Cinéma - Maccarthysme et cinéma: le tabou tombe à Hollywood
Au plus fort de la guerre froide, l'anticommunisme américain, dont la figure de proue est le sénateur Joseph McCarthy, s'attaque à Hollywood. Le cartel des studios fait lui-même le ménage en dressant une liste noire des artistes indésirables. Certains choisissent l'exil: Joseph Losey, Jules Dassin, John Berry, Charlie Chaplin. Pendant ces années de guerre froide, rares sont les films qui s'autorisent une allusion à cette chasse aux sorcières. C'est en France, en 1957, qu'est réalisée l'adaptation, par Raymond Rouleau, des Sorcières de Salem, la pièce de théâtre d'Arthur Miller qui évoque le maccarthysme à travers la Nouvelle-Angleterre du XVIIe siècle (en 1996, Hollywood reprend la pièce, portée à l'écran pour la Fox par Nicholas Hytner).
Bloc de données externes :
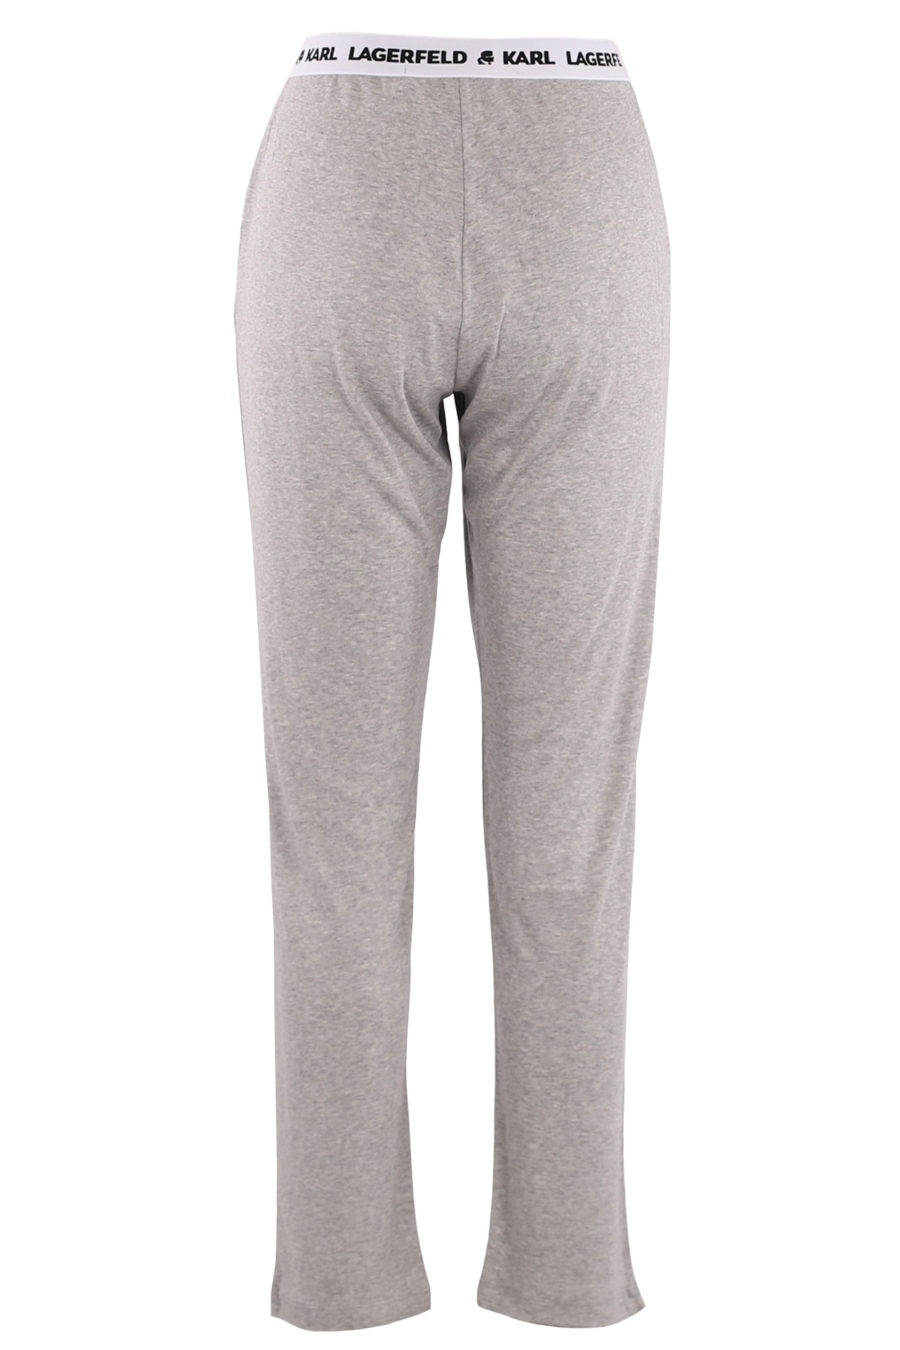 Grey unisex trousers with logo - fe3f909997a74e1cd20c17cb718a6e92aae0ec70

Certains historiens considèrent que Le train sifflera trois fois, western de Fred Zinnemann (1952), stigmatise de façon allégorique le climat de terreur qui s'était emparé de Hollywood. Abandonné par tous ses amis et par les habitants de la bourgade qu'il doit protéger des gangsters, un shérif, victime de la lâcheté ambiante, se retrouve seul. Carl Foreman, le scénariste, devait peu après être inscrit sur la liste noire. Chaplin réalise en 1957 Un roi à New York, qui tourne en dérision la frayeur anticommuniste. Le film ne sera projeté aux États-Unis qu'en 1973.C'est à cette époque que le maccarthysme devient un sujet à part entière. Dans Nos plus belles années (1973), Sydney Pollack retrace les luttes d'une jeune juive (Barbra Streisand): présentatrice de radio dans les années 1930, épouse d'un scénariste hollywoodien dans les années 1940, elle défend les persécutés de la chasse aux sorcières dans les années 1950, tandis que son mari (Robert Redford) épouse le discours politique dominant. Au montage, Pollack doit ôter une scène où l'héroïne comparaît devant la Commission sur les activités antiaméricaines et refuse de livrer des noms. À la fresque mélodramatique, Martin Ritt préfère la comédie. Dans Le Prête-nom (1976), il confie à Woody Allen le rôle d'un caissier de restaurant auquel un copain, scénariste figurant sur la liste noire, demande de signer ses travaux moyennant un pourcentage, jusqu'au jour où il est convoqué à son tour devant la commission.
La télévision ose à son tour aborder cette sombre période, en particulier dans Fear on Trial, qui retrace le licenciement de John Henry Faulk, un présentateur très populaire au début des années 1950 qui vit sa carrière anéantie par sa comparution (1976) devant la commission. Et dans Tail Gunner Joe, qui vise le passé trouble d'un sénateur joué par Peter Boyle et en qui tout le monde reconnaît McCarthy (1977).
En 1988, Peter Yates (Bullitt) tourne Une femme en péril, dont l'héroïne a perdu son emploi après avoir refusé de témoigner devant la commission sur les activités antiaméricaines. En 1991, le producteur Irving Winkler reprend un projet de Bertrand Tavernier qui évoquait le sort des blacklistés émigrés en Europe. Winkler préfère situer le film aux États-Unis, et réalise lui même La Liste noire (1991), histoire d'un scénariste (Robert De Niro) inquiété pour avoir fréquenté jadis des gens de gauche, convoqué devant la commission, et qui, pris dans l'engrenage du boycott de ses projets, se lance dans un combat pour la liberté d'expression. Le rôle de l'un de ses amis, un réalisateur communiste qui lui demande de terminer un film à sa place, car il doit fuir en Angleterre, est tenu par Martin Scorsese.
George Clooney est le premier à sous-tendre son plaidoyer d'un discours contemporain. À travers l'évocation du combat du journaliste de CBS Edward R. Murrow, Good Night, and Good Luck s'interroge sur les similitudes existant entre la politique de McCarthy et celle de George W. Bush.